Happy Birthday, Mr. Pigeon

Yesterday, I asked a question on Twitter:

I will admit, at the time I was hoping that one of the respondents would be Jesse Kornblum. I was not disappointed. There was a little back on forth on twitter, and then Jesse decided to write a blog post, "Being Unreasonable About MD5." In it, he advised me to use a SHA-2-based hash, or wait until SHA-3 is determined.

If using awesome Rocky IV images in blog posts is wrong, I don't want to be right.
DFIR Slugfest!
It being 2012, we should all know that MD5 is "broken." The first MD5 collision was announced in 2004 (some analysis [PDF]). The ability to generate collisions since then has only gotten better. Earlier this summer we were treated to the sheer awesomeness of Flame exploiting an MD5 collision which could not have been generated based on publicly known techniques (*cough* USA!, USA! *cough*).

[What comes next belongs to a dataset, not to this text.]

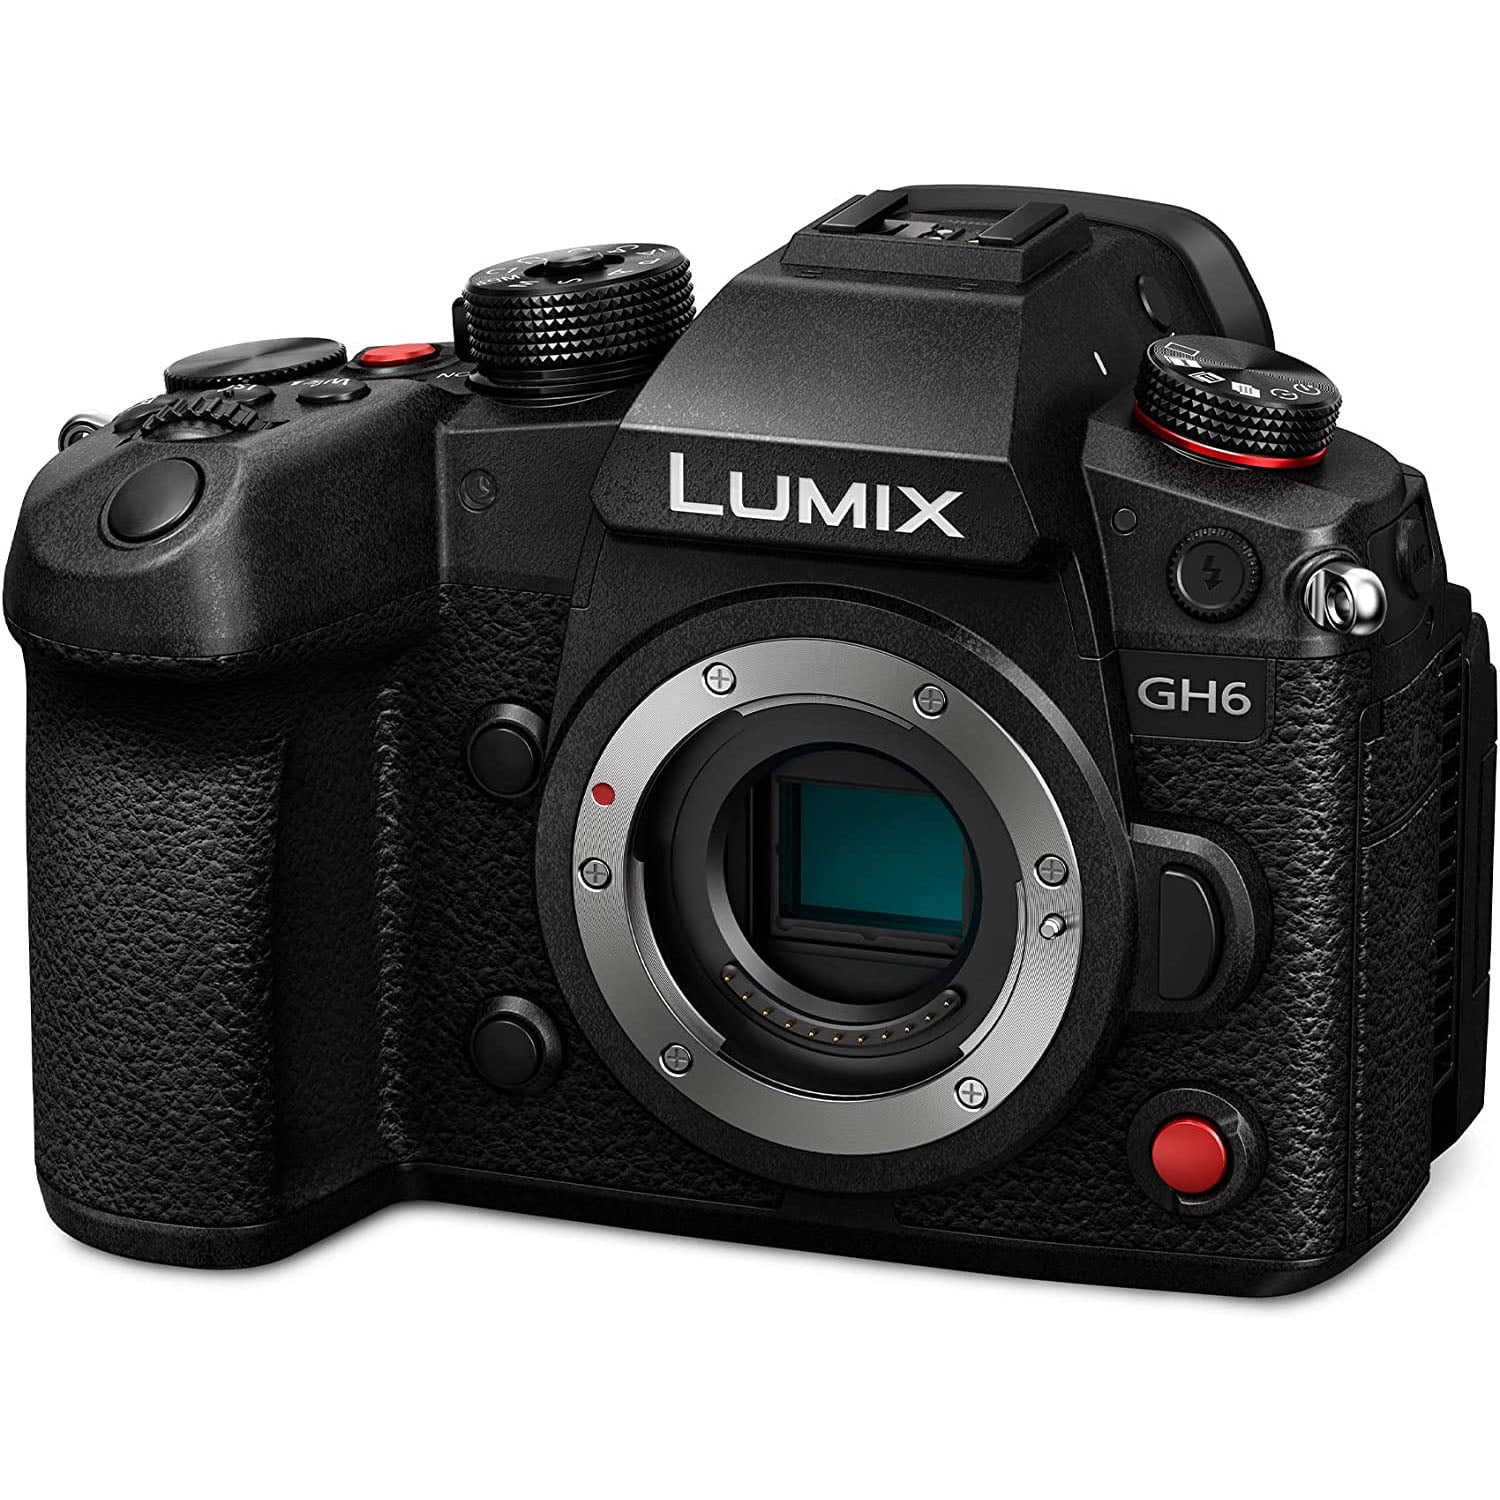 Mark speling Huichelaar Panasonic LUMIX GH6, 25.2MP Mirrorless Micro Four Thirds Camera with  Unlimited C4K/4K 4:2:2 10-bit Video Recording, 7.5-Stop 5-Axis Dual Image  Stabilizer ? DC-GH6BODY - Walmart.com

Here's the problem, though: I'm looking for a hash function that I can use for lazy equality comparisons, not for use in digital signatures. That is, I want to see whether a new string of input I've read in from a program is the same as a previous string of input I've read in.

Why do I want to do this? Well, I want to grep hard drives for email addresses and spit out a list of all the unique ones I've seen. I also want to do this with web addresses/URLs, credit card numbers, Social Security Numbers, and so on. One possible way of doing this (a really lazy way, and it might not even be the best way; that's a separate story altogether) is to hash all the email addresses with MD5 and call it a day. MD5 will surely work for this, won't it?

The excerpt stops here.